### [Supplied records]

= = =

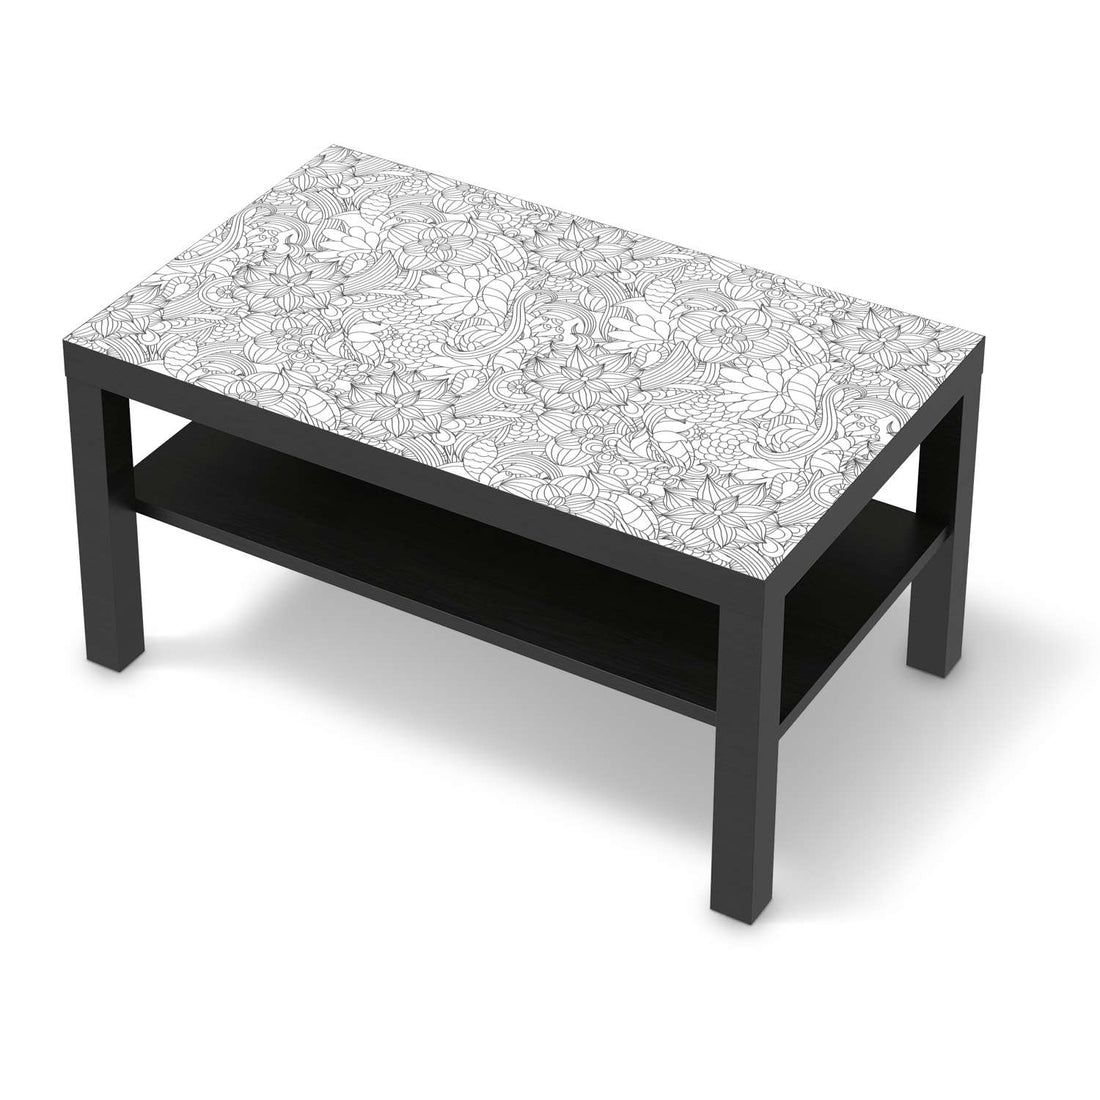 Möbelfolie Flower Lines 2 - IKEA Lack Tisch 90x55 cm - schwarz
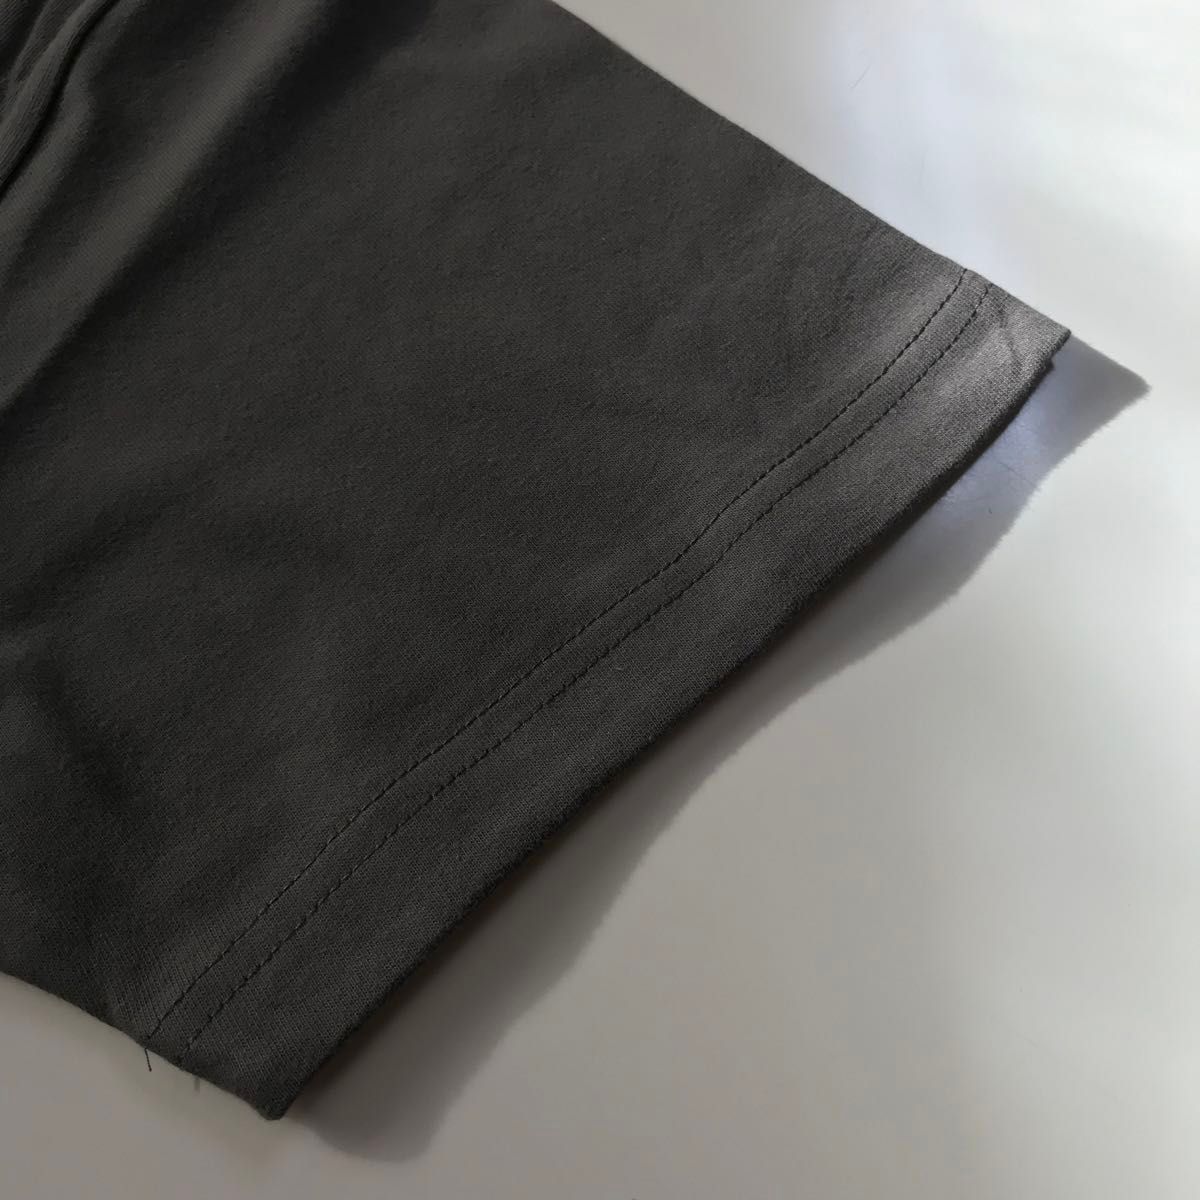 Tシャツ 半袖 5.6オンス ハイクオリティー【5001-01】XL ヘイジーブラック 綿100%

= = =

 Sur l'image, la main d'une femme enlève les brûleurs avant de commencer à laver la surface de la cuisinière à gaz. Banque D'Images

= = =

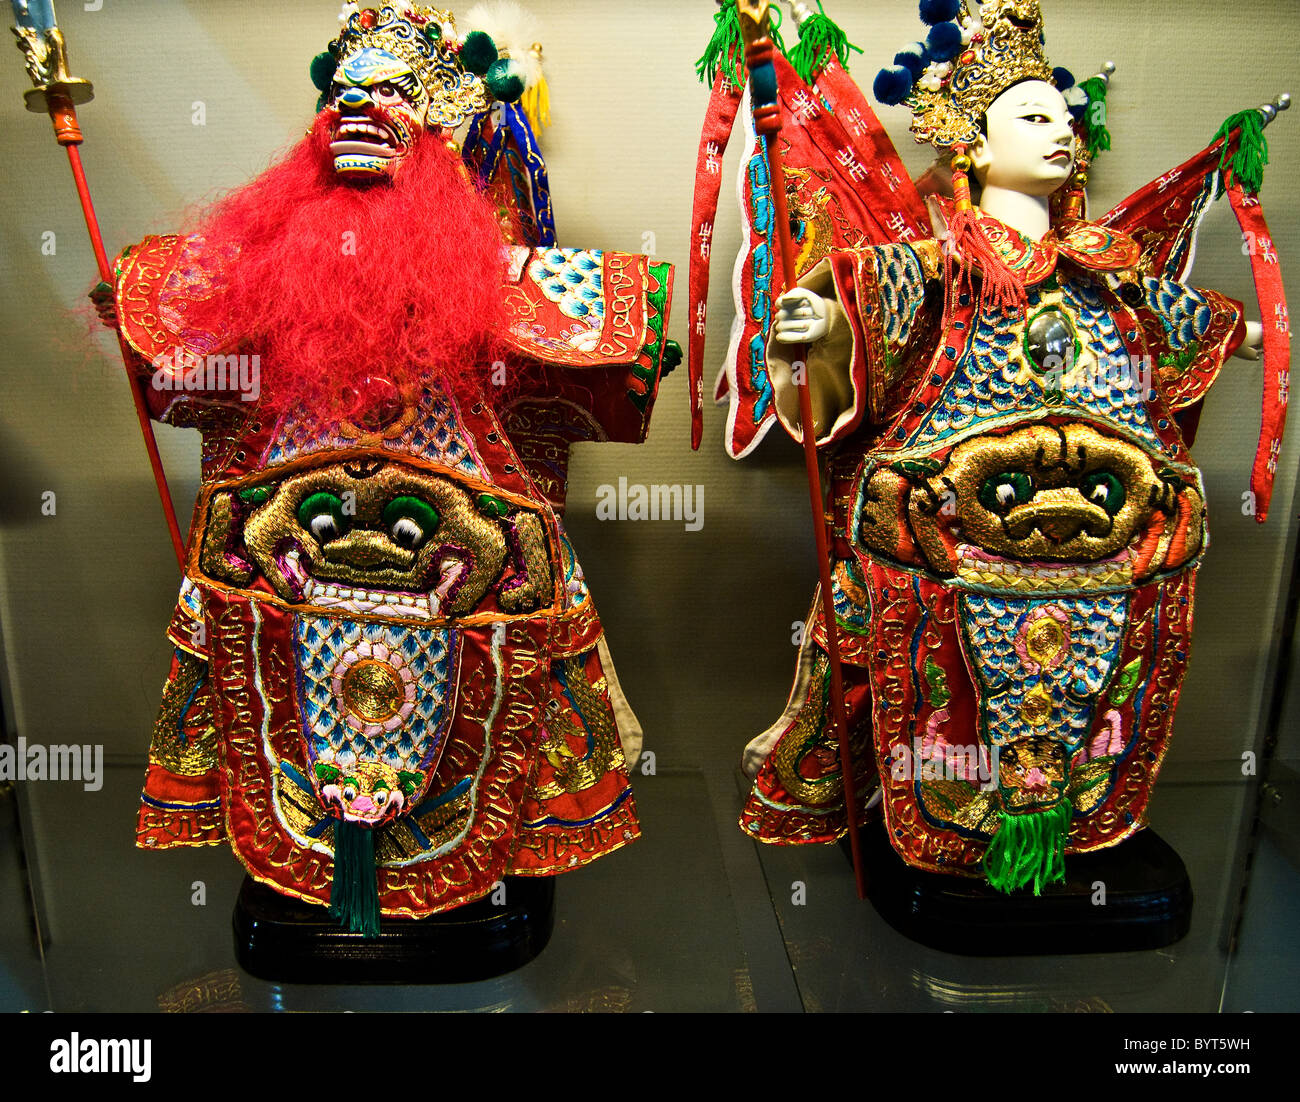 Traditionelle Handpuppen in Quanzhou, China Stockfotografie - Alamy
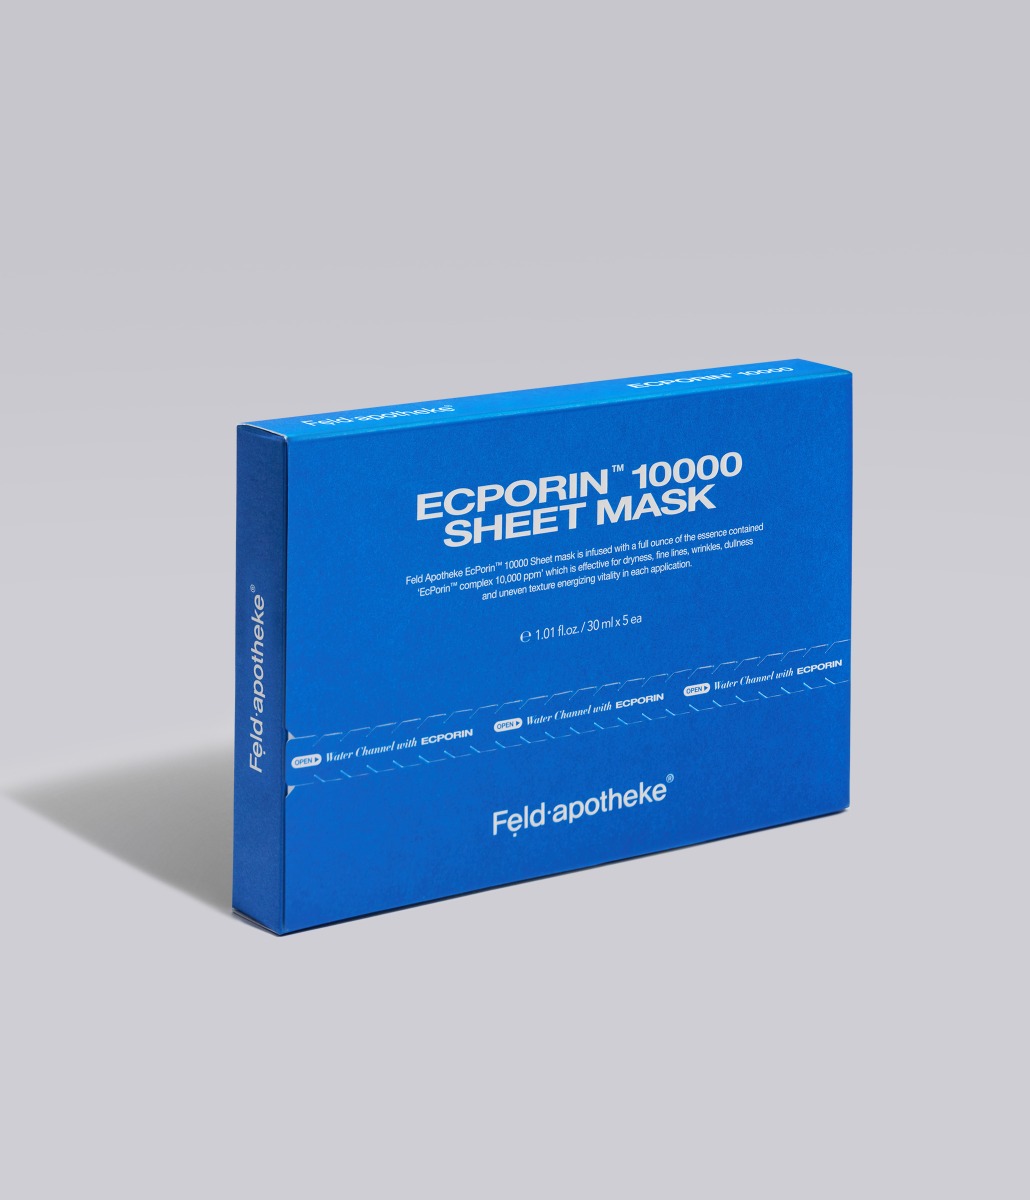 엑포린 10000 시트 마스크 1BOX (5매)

= = =

I'd like the lines above repeated exactly, from the one that contains "Möbelfolie Flower Lines" through the one that contains "Tシャツ 半袖 5.6オンス", with no pictures.

 Möbelfolie Flower Lines 2 - IKEA Lack Tisch 90x55 cm - schwarz
 Tシャツ 半袖 5.6オンス ハイクオリティー【5001-01】XL ヘイジーブラック 綿100%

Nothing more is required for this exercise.